После вечерни монахини идут в столовую, а воспитанницы во главе с Бонифацией направляются в спальню. Они раскладывают койки, и, когда они ложатся, Бонифация гасит плошки со смолой, запирает дверь на ключ, преклоняет колени перед распятием, молится и укладывается спать.
Ты бегала в саду, копалась в земле и, как только находила червяка, гусеницу, совала их в рот, — сказала начальница. — Ты вечно хворала, а кто тебя лечил и ухаживал за тобой? Тоже не помнишь?
— И ты ходила голой, — крикнула мать Анхелика, — и тебе это было по нраву, потому что стоило мне надеть на тебя платье, ты его срывала с себя и разгуливала на людях, не прикрыв срам, а тебе было уже лет десять, не меньше. У тебя были дурные задатки, окаянная, тебе нравились одни только гадости.

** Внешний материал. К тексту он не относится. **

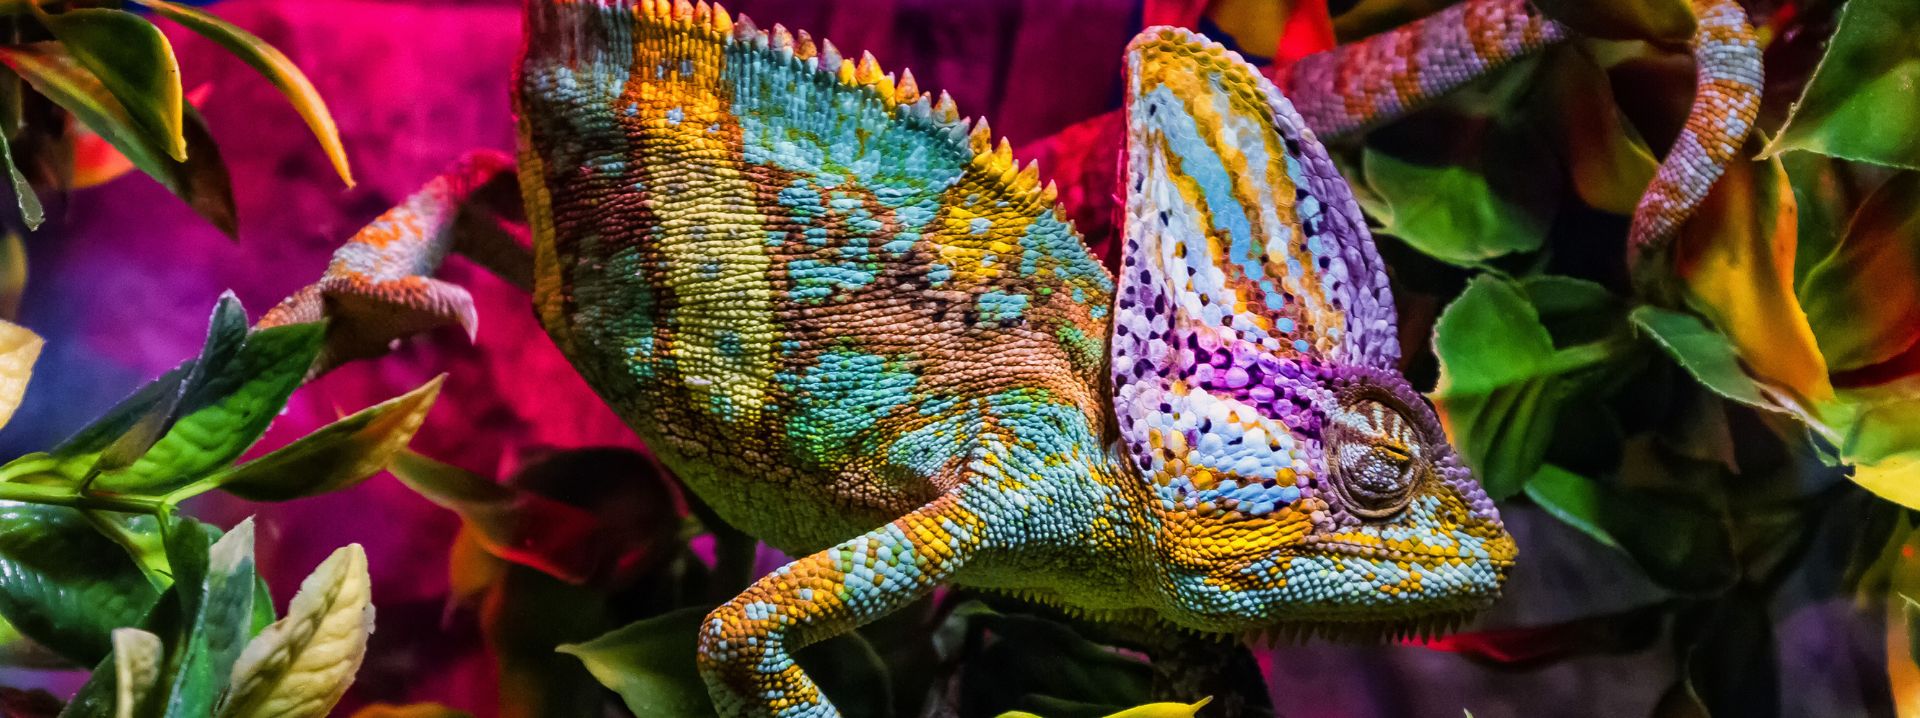 Chameleon in bunten Farben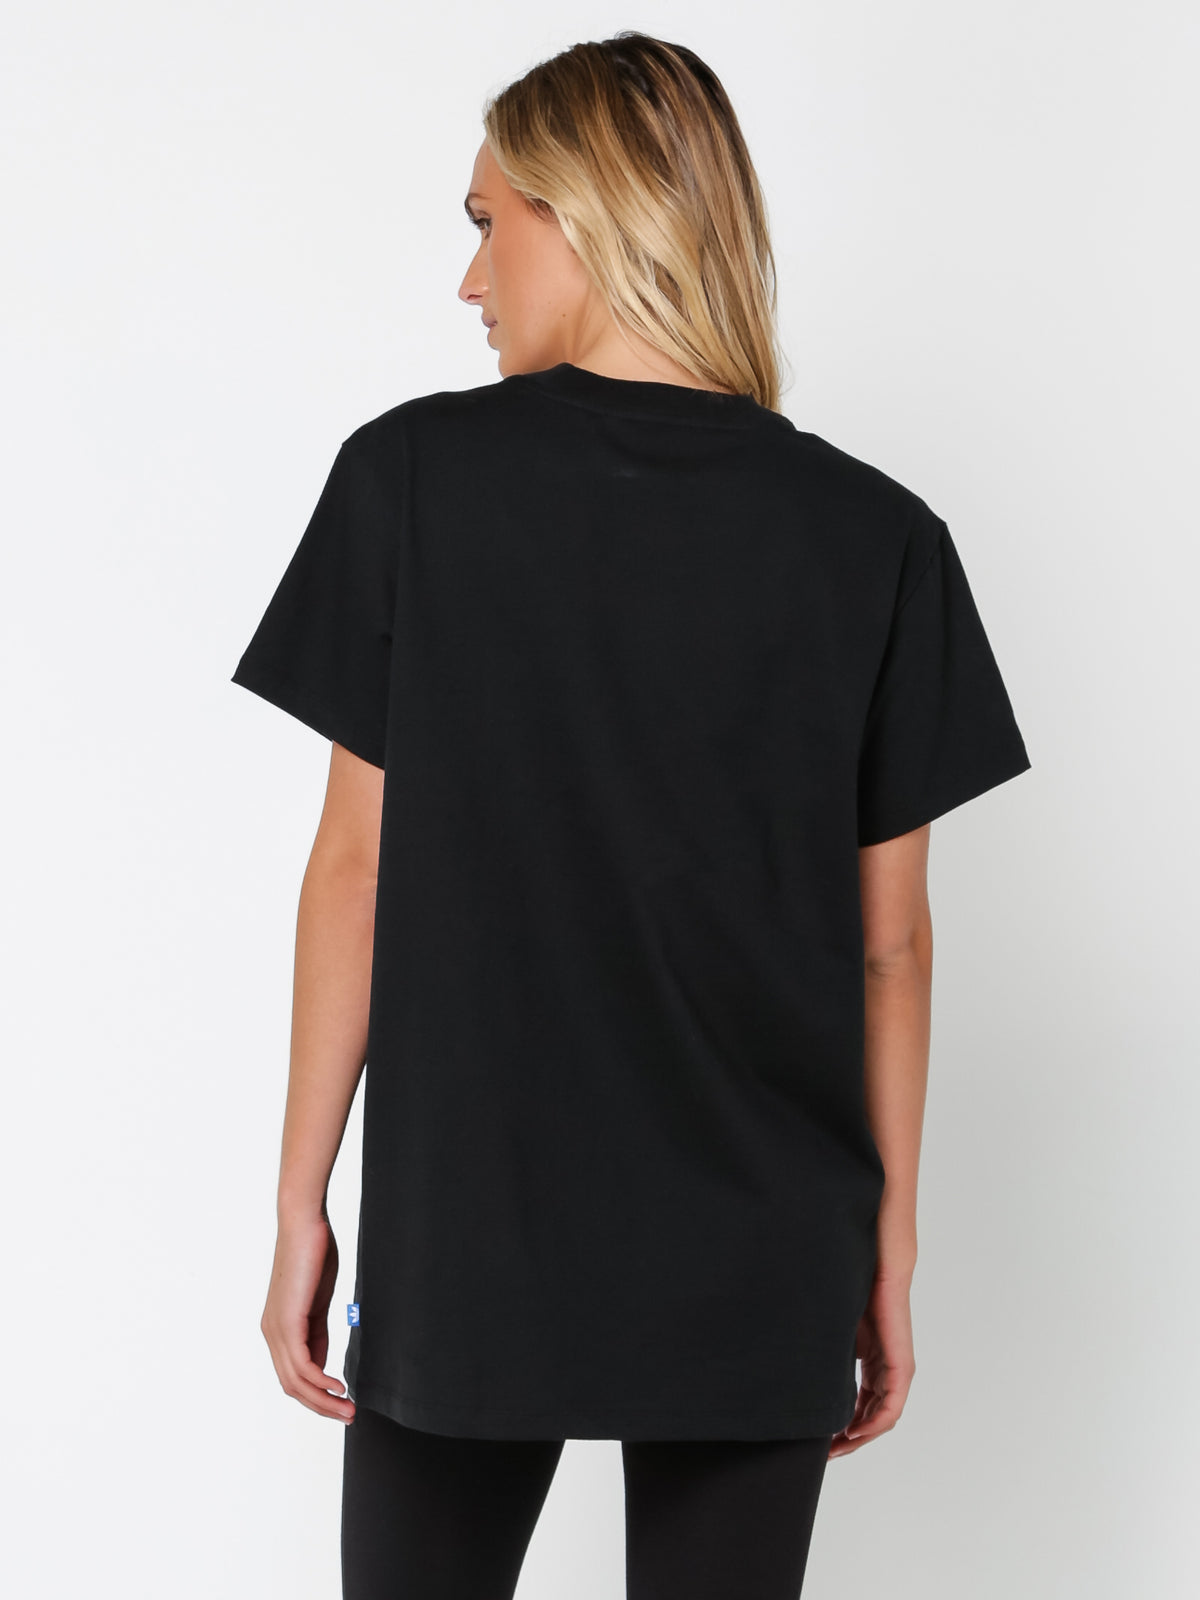 Big Trefoil T-Shirt in Black

Сезон дождей кончился, и темнело быстро; сквозь путаницу ветвей и листвы в окно уже были видны заискрившиеся на небе звезды. Начальница в суровой позе сидела на мешке с зерном, а мать Анхелика ходила взад и вперед, потрясая кулаком, и, когда сползал рукав сутаны, из него по локоть высовывалась рука, как тонкая белая гадючка.
— Я и представить себе не могла, что ты способна на такую вешь, — сказала начальница. — Как это случилось, Бонифация? Зачем ты это сделала?
— И тебе не пришло в голову, что они могут умереть с голоду или утонуть в реке? — сказала мать Анхелика. — Что они простудятся? Ты ни о чем не подумала, разбойница?
Бонифация всхлипнула. В кладовой стоял густой и пряный запах земли и влажных от росы растений, все усиливавшийся по мере того, как сгущались сумерки. Казалось, этот ночной запах проникает через окно вместе со стрекотом сверчков и цикад, который был уже отчетливо слышен.
— Ты жила, как звереныш, а мы дали тебе дом, семью и имя, — сказала начальница. — И мы дали тебе Бога. Это для тебя ничего не значит?
— Тебе нечего было есть и не во что одеться, — проворчала мать Анхелика, — а мы тебя кормим, одеваем, воспитываем. Зачем ты так поступила с девочками, злодейка?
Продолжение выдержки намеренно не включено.